4. Termination Following a Change in Control. If any of the events
described in Section 3 hereof constituting a change in control of the Company
shall have occurred, you shall be entitled to the benefits provided in Section 5
hereof upon the termination of your employment with the Company within
twenty-four (24) months after such events, unless such termination is (a)
because of your death, or (b) by reason of Disability or Retirement.

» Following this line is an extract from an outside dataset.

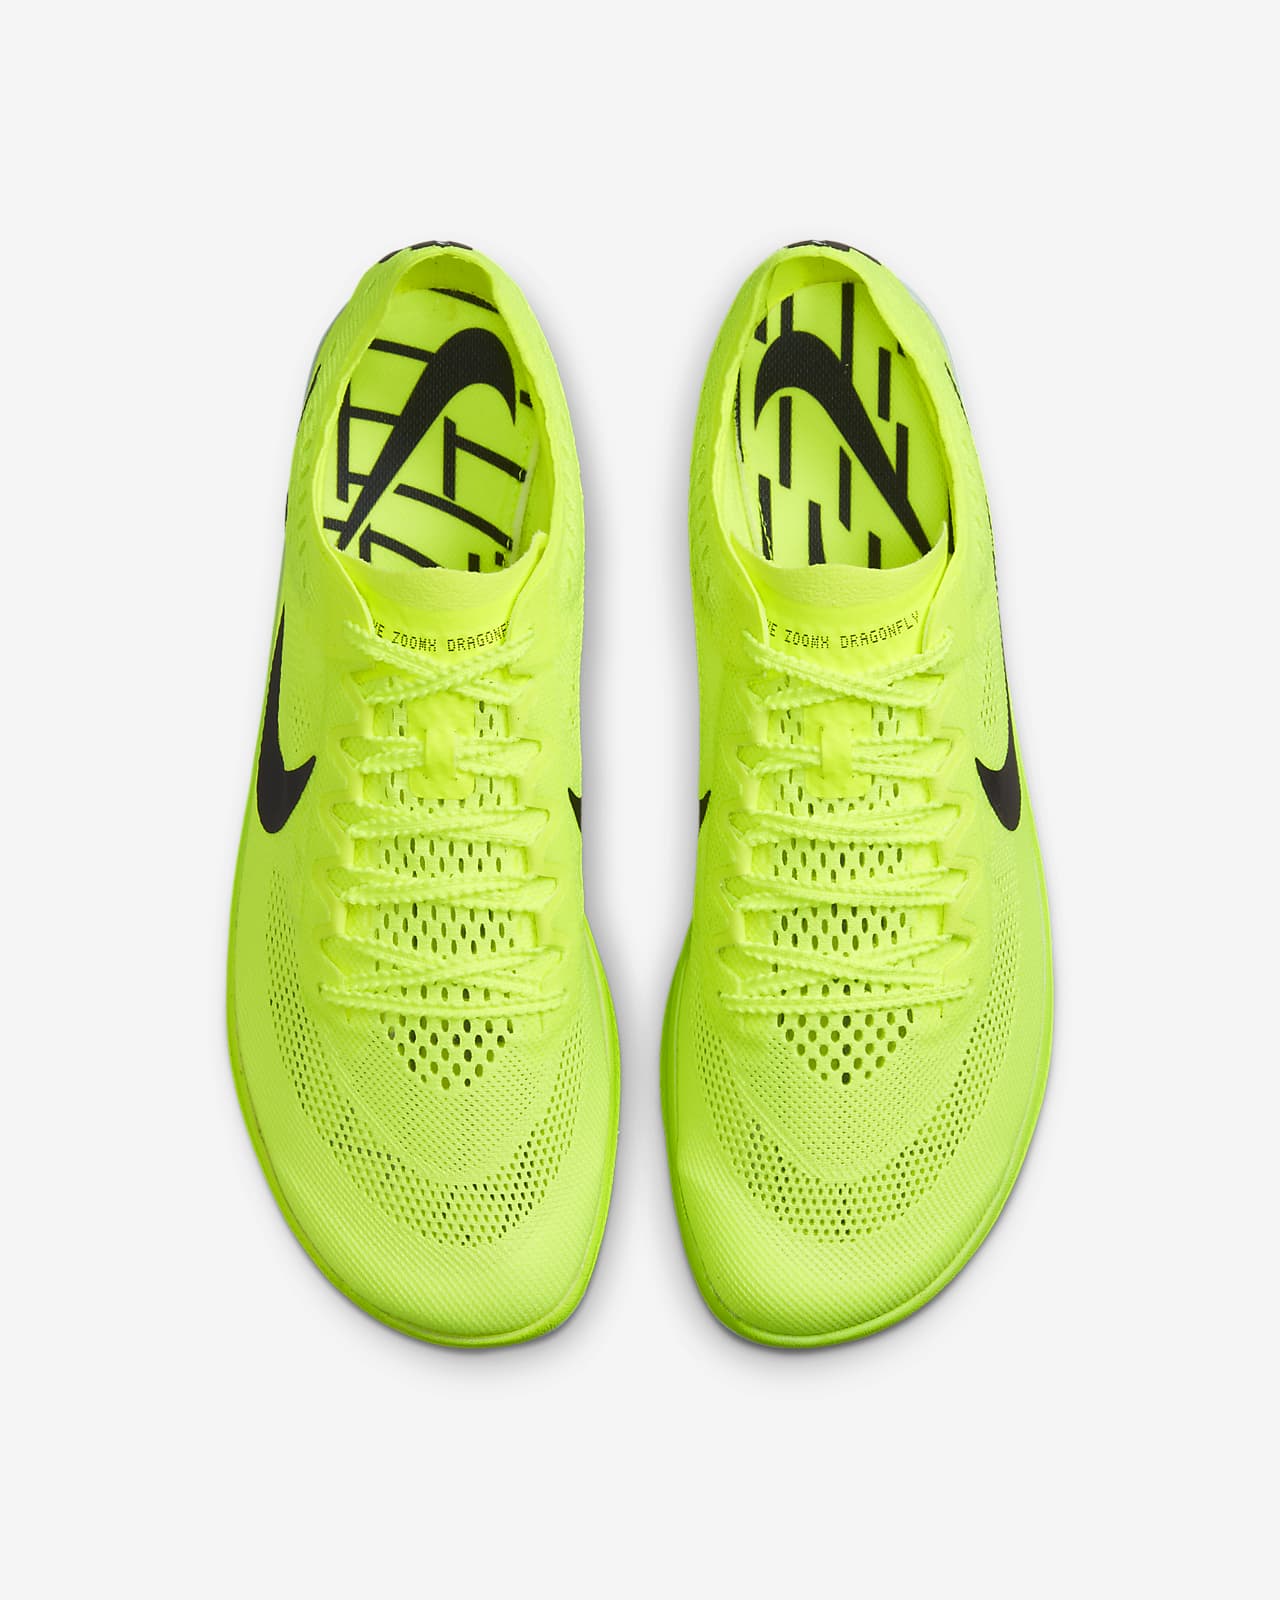 Nike ZoomX Dragonfly Athletics Distance Spikes

(i) Disability. Termination by the company of your
employment based on "Disability" shall mean termination because of your
absence from your duties with the Company on a full time basis for one
hundred twenty (120) consecutive days as a result of your incapacity due
to physical or mental illness, unless within thirty (30) days after
Notice of Termination (as hereinafter defined) is given to you following
such absence you shall have returned to the full time performance of
your duties.
(ii) Retirement. Termination by you or by the Company of your
employment based on "Retirement" shall mean termination on or after your
normal retirement date as defined in the Company's Pension Plan (or any
successor or substitute plan or plans of the Company put into effect
prior to a change in control) (the "Pension Plan").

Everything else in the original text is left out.